PDHblog This is a place for members of Progressive Democrats of Hawai‘i to express their thoughts, hopes and exasperations about political happenings.

September 30, 2006


Filed under: Uncategorized — Tags: — rachel @ 1:02 pm

Ed Case seemed irked when liberal Democrats referred to him as a DINO (Democrat in name only), yet he continued to actively reach out for Republican “crossover” votes. That was an inherent contradiction. Now that Sen. Akaka prevailed in the Democratic primary, Hawaii Republicans have chosen the most Case-like Republican they could find to run against him. Cynthia Thielen reached out to Case voters in her statement announcing her candidacy:

I invite 106,968 independent-minded Ed Case voters to support my candidacy.

To me, this supports the notion that many Case voters were Republican, or leaning that way. Further reinforcement of the crossover effect comes from the voter numbers. A friend provided this rough analysis:

235,000 participants in the Democratic primary at the senate level.
1,800 blank votes in the Democratic primary at the senate level.

180,000 participants in the Democratic primary at the governor level.
58,000 blank votes in the Democratic primary at the governor level.

56,000 “republicans” played in the democratic senatorial primary.

Supposing Thielen is a “moderate Republican” and Case is a “moderate Democrat,” what is the significant difference between those two descriptions? One might expect that difference would be found in their support (or lack of) for the Republican President and his war. I think it is interesting that Thielen is more critical of the way the Bush administration has handled the war in Iraq than Case ever was. Case’s stance on the war can be characterized simply as “stay the course.” In contrast, Thielen’s view on the war as outlined on her website is not unlike Akaka’s view. Thielen carefully prefaces much of her stance with statements like:

I want to succeed in Iraq. I want to succeed so that the sacrifice of our troops in Iraq has not been in vain. I want to succeed because the example of a functioning democracy in the Middle East would be a powerful example in that part of the world. I want to succeed so that the Iraqis can leave a safe and peaceful life.

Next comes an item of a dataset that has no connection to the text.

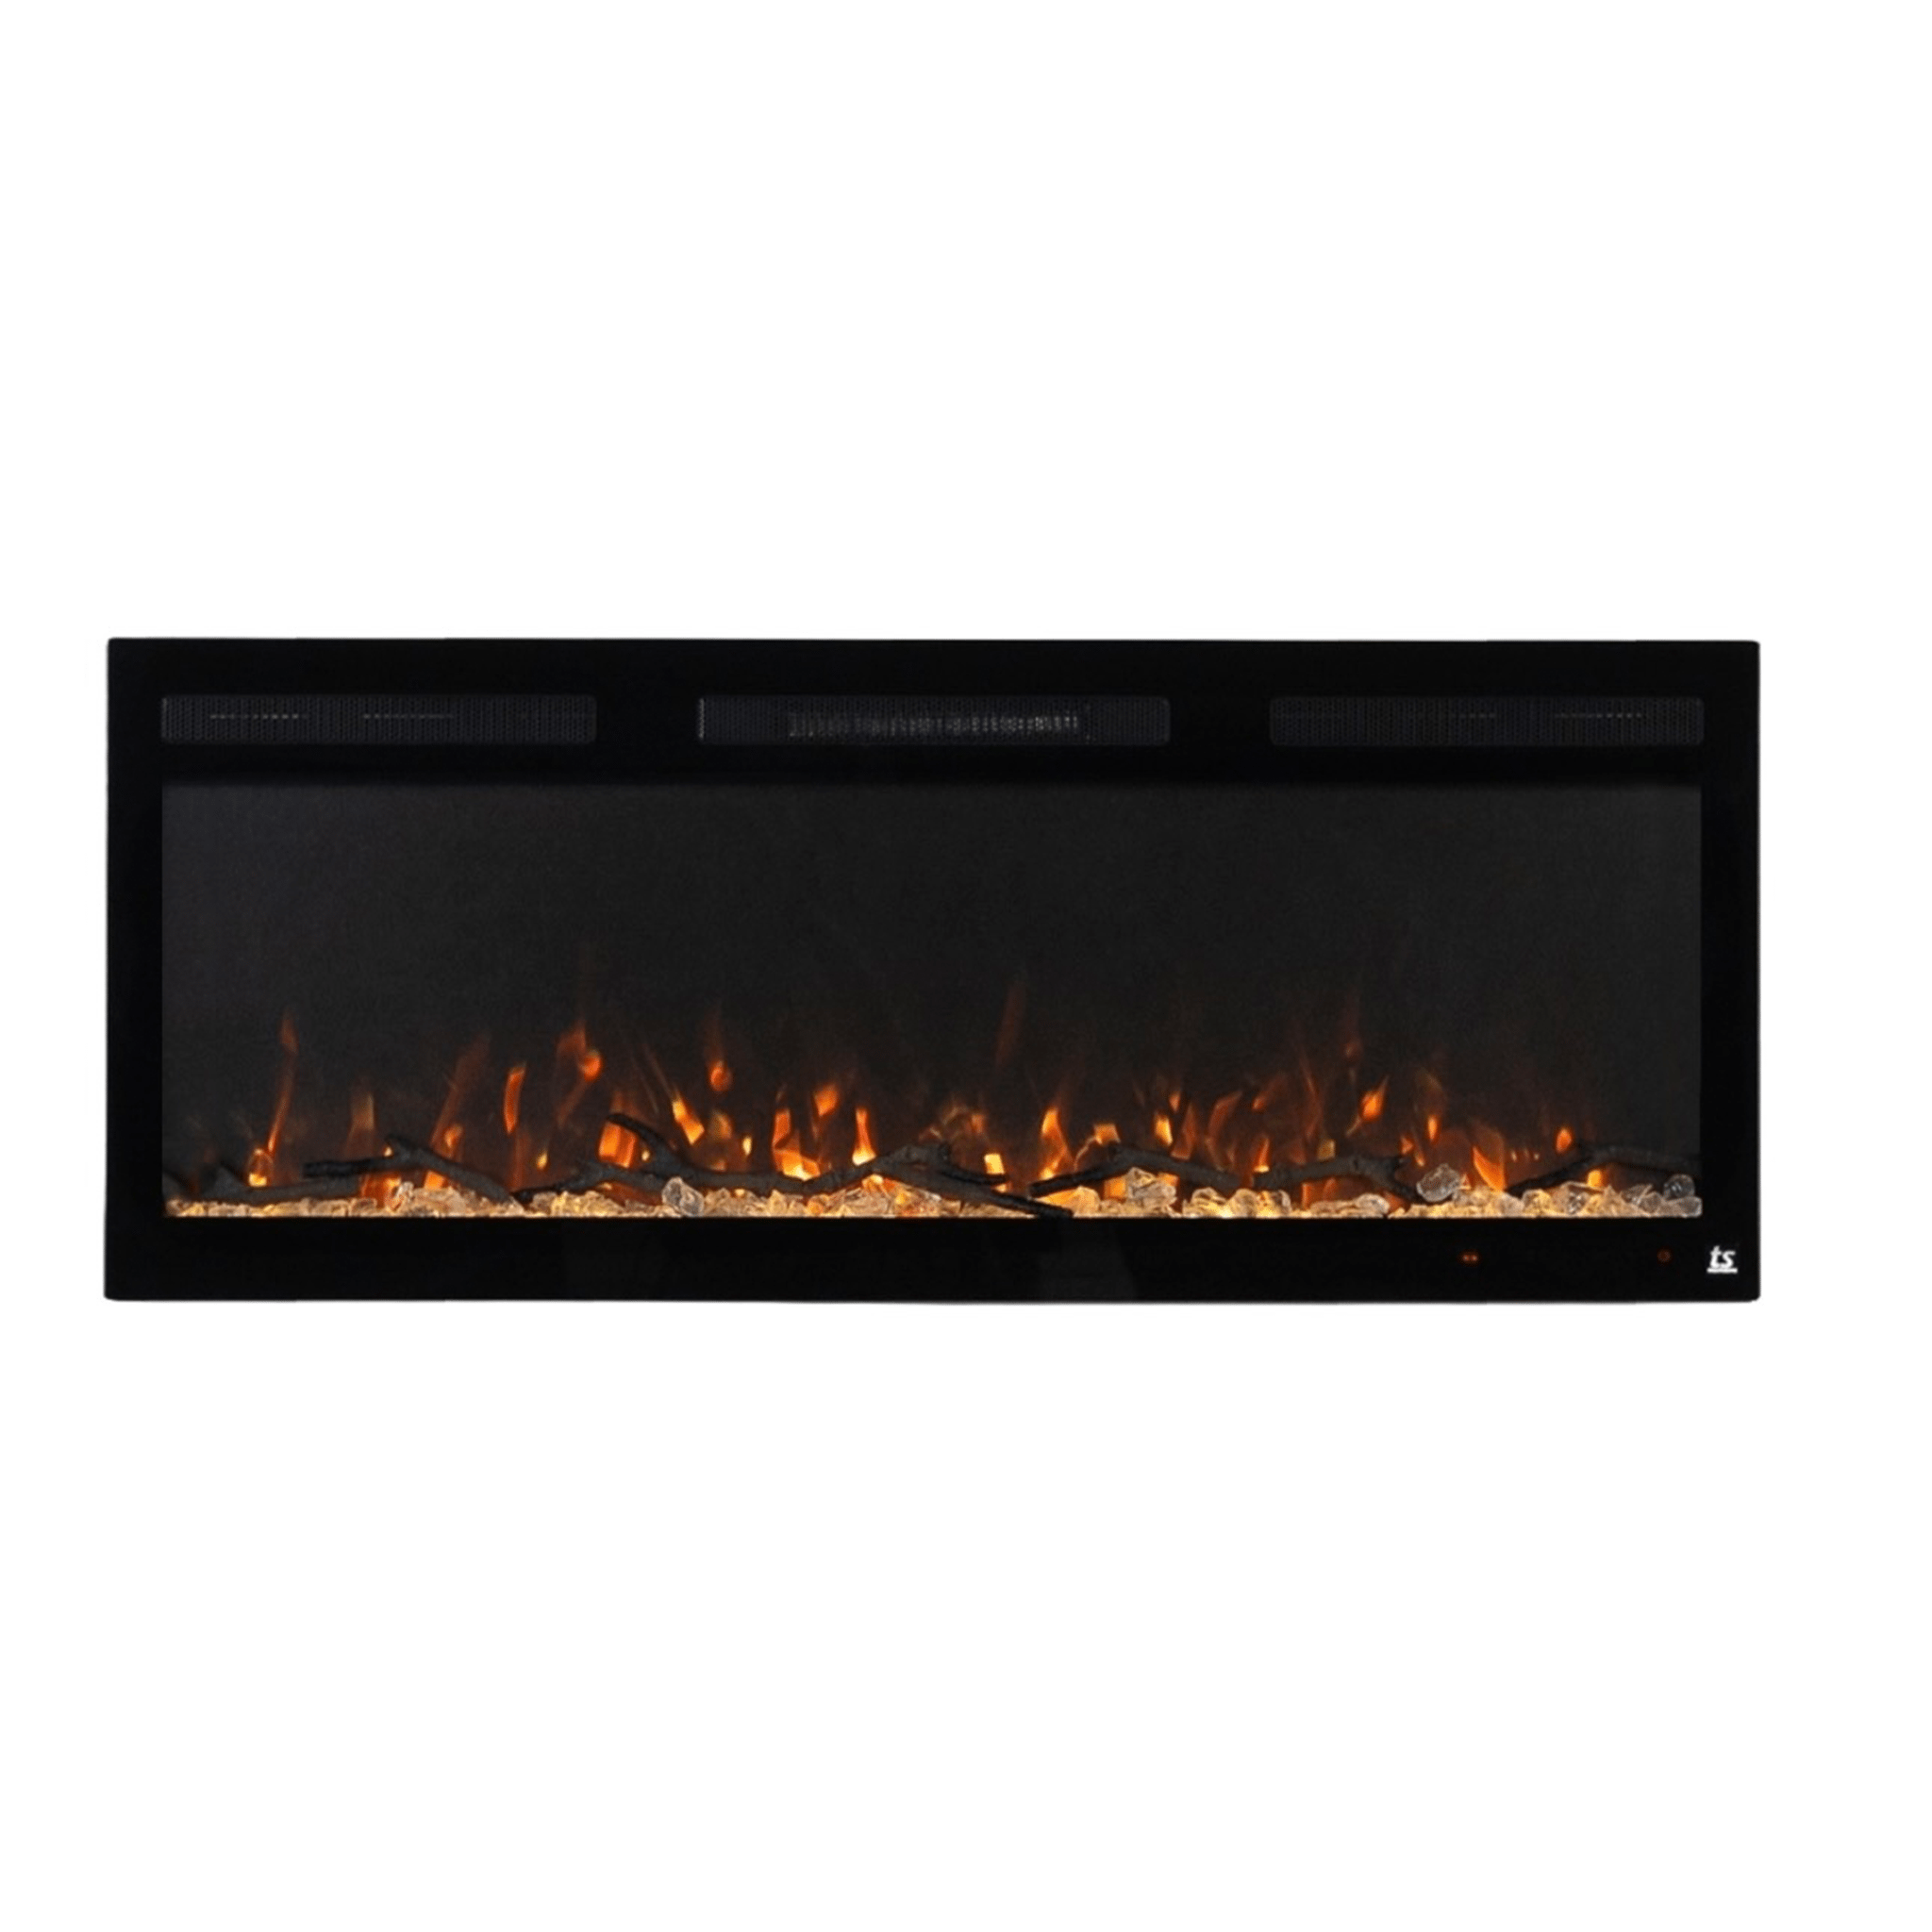 The Sideline Fury 50 Inch Recessed Smart Electric Fireplace 80054 front view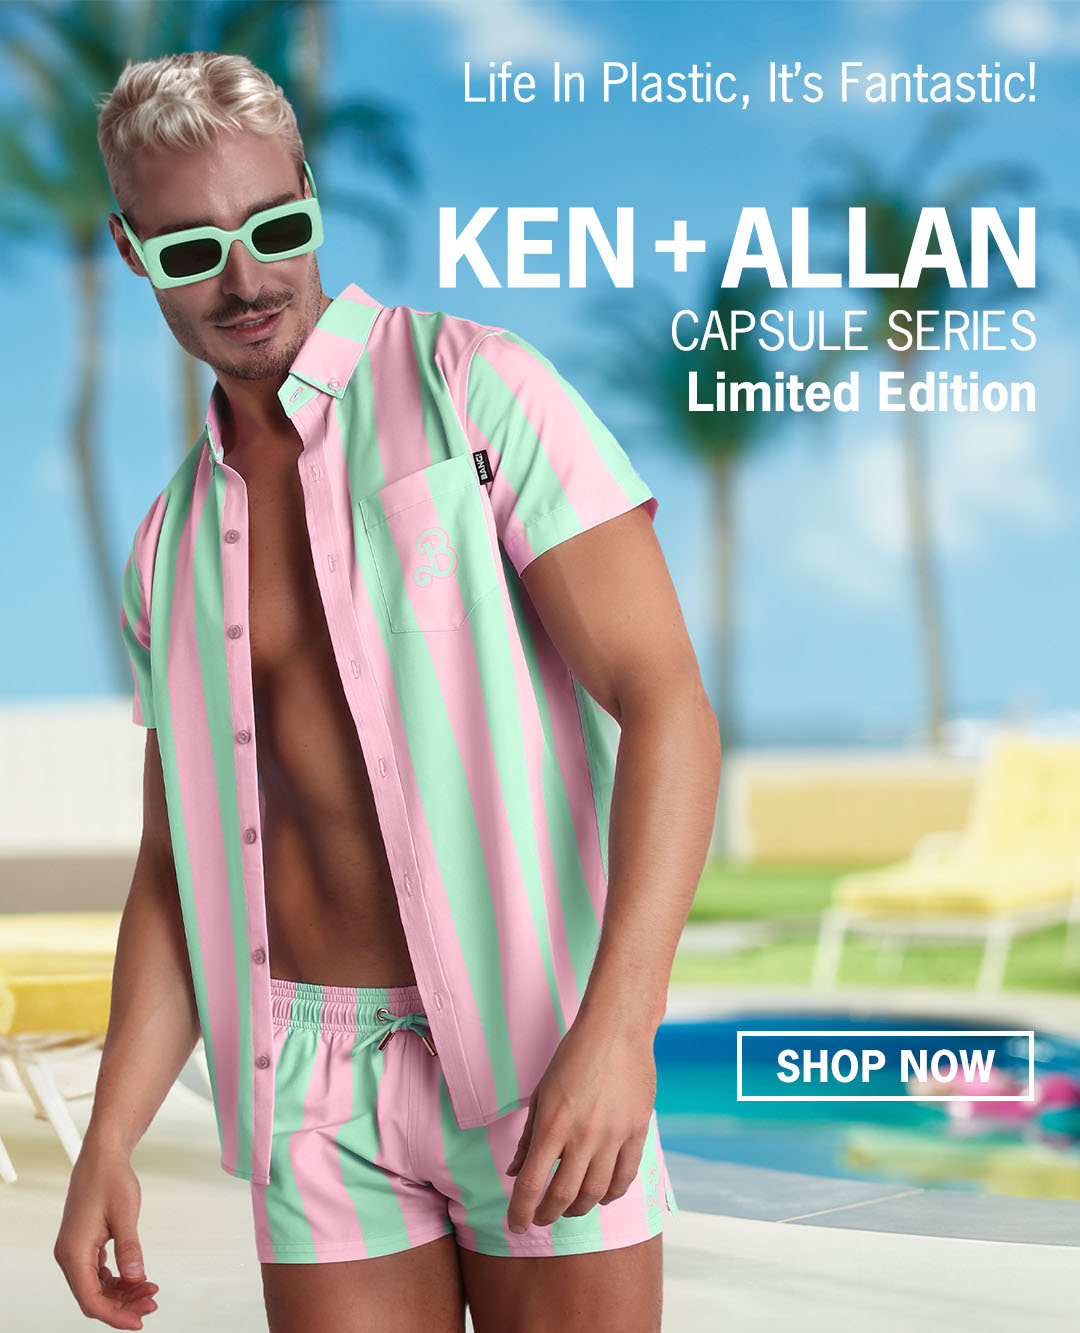 The KEN & ALLAN series by BANG Miami. Featuring men's beach shorts and short-sleeve shirts as seen on Barbie Movie worn by Ryan Gosling as Ken and Michael Cera as Allan.

in an attempt to hold onto Bush supporters. Then she launches into a well thought out criticism of “staying the course” that is better articulated than I have seen from many Democrats. A few notable quotes:

In this war there has not been a single instance of leadership, military or civilian, that has been replaced for not getting the job done. And yet, we have shown no progress in Iraq over the same period of time it took to win WWII. …

Einstein defined insanity as doing the same thing over and over again and expecting different results. In the case of Iraq. I will not support continuing to do the same thing because I know we will continue to suffer both more dead and horrendous financial cost, to no avail.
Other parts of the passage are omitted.